И писатель отметил, с полупьяной улыбкой, направленной в темноту, что она чистит зубы зло, агрессивно, слишком много энергии вкладывая в этот невинный процесс.
Она явилась из ванной мощная, большая, совсем голая, и, став над ним, накрытым до подбородка одеялами, скрестила руки под сиськами.
— Ну, куда я должна лечь?
— Куда хочешь. Я предоставляю тебе право выбора.
Она обошла кровать и легла, резко взмахнув одеялами, на свободной части кровати — ближе к окну.
— Ну? — спросила она, со спины повернувшись к нему, правая сиська смяла подушку, левая — соском и шершавыми шишечками ареолы смотрела на него. — Что же ты меня не ебешь?
— Сейчас буду ебать, — ответил он и смутился немного.
«Блядь, — подумал он с невольным уважением. — Сейчас она постарается взять реванш. Большая какая! Такую поди выеби… Все будет жаловаться, что мало». Здесь, в его спальне в Париже, Наташка почему-то выросла. В последний их сексуальный акт в Нью-Йорке, состоявшийся в шесть часов утра на постели воришки Мориса (они только что явились из огромного сарая дискотеки «Рокси», где протанцевали вместе с сотнями черных и белых хулиганов и ищущих на свою жопу приключений личностей в токсидо всю ночь), писатель был готов поклясться, она была меньше.
— Ну, что же ты? — упершись локтем в подушку, монгольская скула в ладони, она нагло облизнула большие губы.
«Простая-то она простая, — подумал писатель, — однако сейчас мне придется нелегко».
И он храбро протянул руку к соску ее крупной энергичной сиськи, тотчас вспрыгнувшему от злости. Сосок был теперь грубый, бабий, не прощающий слабости.
«Ну, если у тебя сейчас не встанет на меня хуй, Лимонов… — подумала она угрожающе. — Ну, если не встанет… Горе тебе!»

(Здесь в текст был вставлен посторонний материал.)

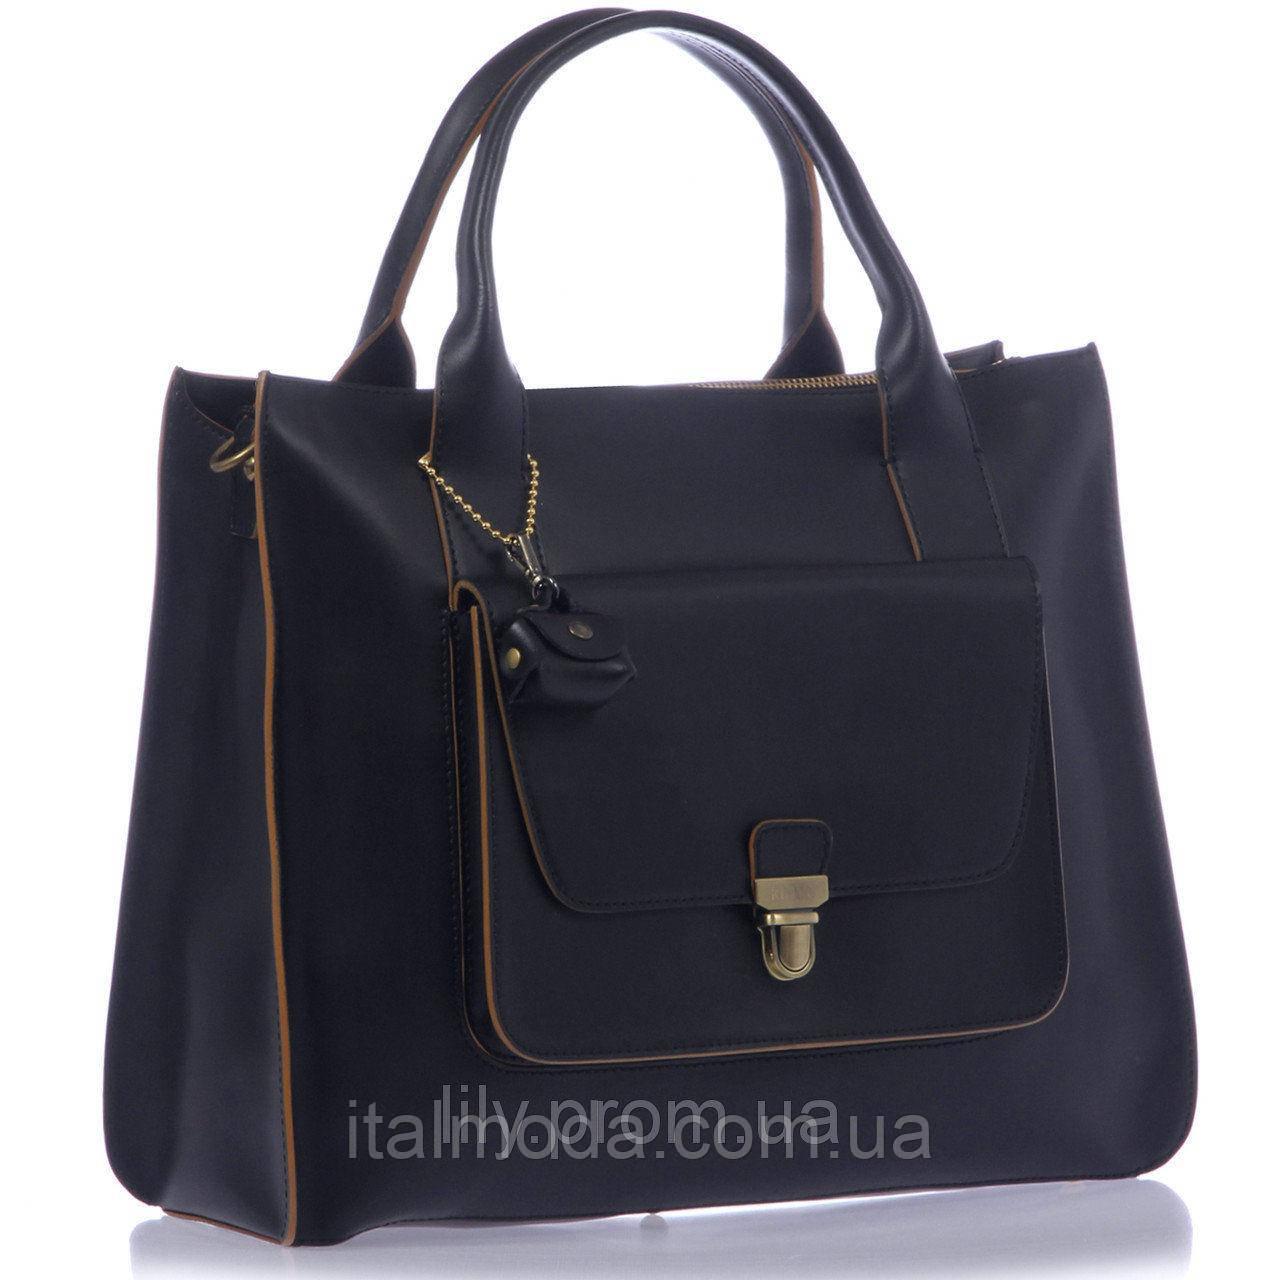 7f9f866fa20a Женская сумка RIPANI Артикул 5735, цена 4 760 грн., купить Київ ...
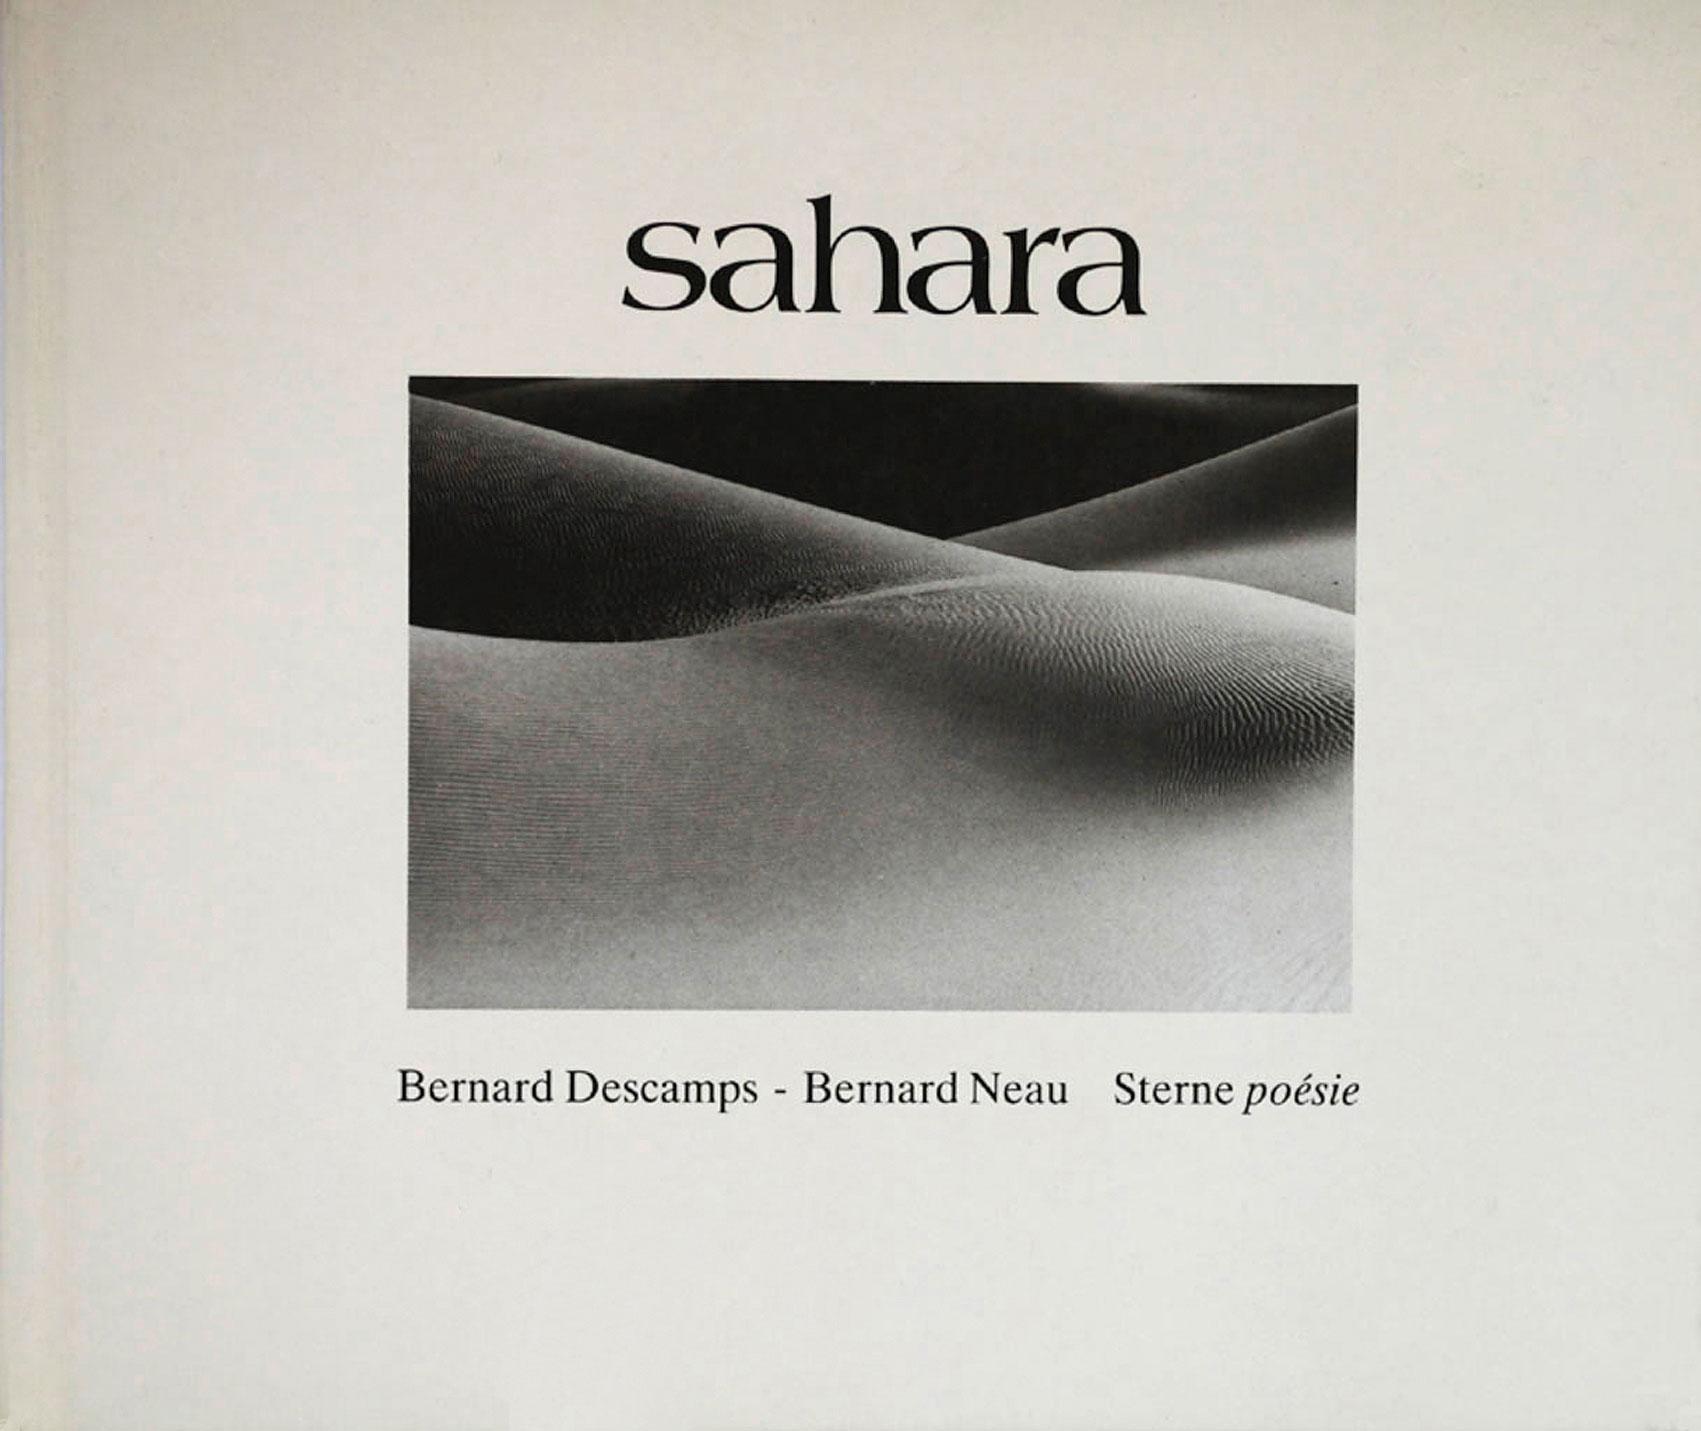 Sahara – Bernard Descamps (phtographie) & Bernard Neau (texte), STERNE poésie, 1985

Он поцеловал ее несколько раз мелко и условно, как целуют детей, недолго. Но когда он в очередной раз хотел освободиться от ее рта, она удержала его за плечо и нагло, по-бабьи, а не по-девичьи, распустила по его рту губы. Тут он понял, что интеллигентские поцелуйчики его не спасут. Она вызвала его на поединок, и он должен серьезно, глубоко и грязно, целовать ее сейчас, поцелуями взрослыми, вульгарными и крепкими, какими целовали ее все эти животастые владельцы колбасных и других магазинов. А ебать он ее будет должен после поцелуев так, как могли бы ее ебать, красивую, два напившихся с нею трак-драйвера. А если он не сможет, то грош ему цена. Она может спихнуть его с кровати пинком, и будет права.
О, как извилисты пути человеческого воображения! Он вспомнил, что он коротко острижен (почему он начал с этого? Символ мужественности?), вспомнил, что всегда мечтал быть «мерсенари», вспомнил свое армейское происхождение и, рассекая наслоения интеллигентности, добрался до ядра своей личности, до пред-Лимонова, до русско-украинского парня, случайно получившего имя Эдуард, в шапке-ушанке и сапогах ездившего в мерзлом трамвае на работу. Тот парень, в сапогах и ушанке, вор и рабочий, куривший папиросы «Казбек» и умевший ловко плевать, посмотрел на лежащую рядом с ним ухмыляющуюся русскую девку Наташку и, ухмыльнувшись точно такой же улыбкой, сказал вдруг:
— Ну что, пизда?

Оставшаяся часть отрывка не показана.